SUPPLIED MATERIAL Block Start
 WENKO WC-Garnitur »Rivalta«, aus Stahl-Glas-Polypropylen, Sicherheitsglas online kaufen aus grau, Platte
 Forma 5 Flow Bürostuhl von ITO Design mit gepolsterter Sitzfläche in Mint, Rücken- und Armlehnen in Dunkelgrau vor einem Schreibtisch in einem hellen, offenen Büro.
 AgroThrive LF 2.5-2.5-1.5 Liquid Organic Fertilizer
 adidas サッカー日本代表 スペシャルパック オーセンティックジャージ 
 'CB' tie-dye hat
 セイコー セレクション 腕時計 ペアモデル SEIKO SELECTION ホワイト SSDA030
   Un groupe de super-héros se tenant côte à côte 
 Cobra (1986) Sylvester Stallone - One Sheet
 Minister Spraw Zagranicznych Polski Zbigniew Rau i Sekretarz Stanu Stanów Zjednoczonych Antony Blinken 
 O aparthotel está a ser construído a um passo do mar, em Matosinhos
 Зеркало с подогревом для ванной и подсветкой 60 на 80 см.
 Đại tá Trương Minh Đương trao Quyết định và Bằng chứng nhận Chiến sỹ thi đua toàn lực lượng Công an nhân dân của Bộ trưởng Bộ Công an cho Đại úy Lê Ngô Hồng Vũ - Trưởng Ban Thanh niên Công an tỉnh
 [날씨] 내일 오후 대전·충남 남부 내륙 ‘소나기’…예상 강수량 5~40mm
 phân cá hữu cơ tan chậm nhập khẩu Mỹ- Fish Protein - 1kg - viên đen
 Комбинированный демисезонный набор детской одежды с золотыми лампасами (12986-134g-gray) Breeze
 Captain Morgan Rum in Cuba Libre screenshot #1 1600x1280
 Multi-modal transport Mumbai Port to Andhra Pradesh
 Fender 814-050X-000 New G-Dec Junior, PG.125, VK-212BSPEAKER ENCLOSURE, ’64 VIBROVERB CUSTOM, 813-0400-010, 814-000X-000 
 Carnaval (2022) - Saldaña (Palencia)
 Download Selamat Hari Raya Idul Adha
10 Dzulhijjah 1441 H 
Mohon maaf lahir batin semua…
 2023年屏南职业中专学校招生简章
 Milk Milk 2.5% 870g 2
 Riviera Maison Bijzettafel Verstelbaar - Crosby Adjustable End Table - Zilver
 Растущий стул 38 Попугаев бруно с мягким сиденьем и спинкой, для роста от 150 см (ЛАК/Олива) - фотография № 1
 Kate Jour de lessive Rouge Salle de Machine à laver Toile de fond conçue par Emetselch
SUPPLIED MATERIAL Block End
WHAT THE TASK ASKS
Repeat the data exactly. Leave nothing out.

EXERCISE SOLUTION
 WENKO WC-Garnitur »Rivalta«, aus Stahl-Glas-Polypropylen, Sicherheitsglas online kaufen aus grau, Platte
 Forma 5 Flow Bürostuhl von ITO Design mit gepolsterter Sitzfläche in Mint, Rücken- und Armlehnen in Dunkelgrau vor einem Schreibtisch in einem hellen, offenen Büro.
 AgroThrive LF 2.5-2.5-1.5 Liquid Organic Fertilizer
 adidas サッカー日本代表 スペシャルパック オーセンティックジャージ 
 'CB' tie-dye hat
 セイコー セレクション 腕時計 ペアモデル SEIKO SELECTION ホワイト SSDA030
   Un groupe de super-héros se tenant côte à côte 
 Cobra (1986) Sylvester Stallone - One Sheet
 Minister Spraw Zagranicznych Polski Zbigniew Rau i Sekretarz Stanu Stanów Zjednoczonych Antony Blinken 
 O aparthotel está a ser construído a um passo do mar, em Matosinhos
 Зеркало с подогревом для ванной и подсветкой 60 на 80 см.
 Đại tá Trương Minh Đương trao Quyết định và Bằng chứng nhận Chiến sỹ thi đua toàn lực lượng Công an nhân dân của Bộ trưởng Bộ Công an cho Đại úy Lê Ngô Hồng Vũ - Trưởng Ban Thanh niên Công an tỉnh
 [날씨] 내일 오후 대전·충남 남부 내륙 ‘소나기’…예상 강수량 5~40mm
 phân cá hữu cơ tan chậm nhập khẩu Mỹ- Fish Protein - 1kg - viên đen
 Комбинированный демисезонный набор детской одежды с золотыми лампасами (12986-134g-gray) Breeze
 Captain Morgan Rum in Cuba Libre screenshot #1 1600x1280
 Multi-modal transport Mumbai Port to Andhra Pradesh
 Fender 814-050X-000 New G-Dec Junior, PG.125, VK-212BSPEAKER ENCLOSURE, ’64 VIBROVERB CUSTOM, 813-0400-010, 814-000X-000 
 Carnaval (2022) - Saldaña (Palencia)
 Download Selamat Hari Raya Idul Adha
10 Dzulhijjah 1441 H 
Mohon maaf lahir batin semua…
 2023年屏南职业中专学校招生简章
 Milk Milk 2.5% 870g 2
 Riviera Maison Bijzettafel Verstelbaar - Crosby Adjustable End Table - Zilver
 Растущий стул 38 Попугаев бруно с мягким сиденьем и спинкой, для роста от 150 см (ЛАК/Олива) - фотография № 1
 Kate Jour de lessive Rouge Salle de Machine à laver Toile de fond conçue par Emetselch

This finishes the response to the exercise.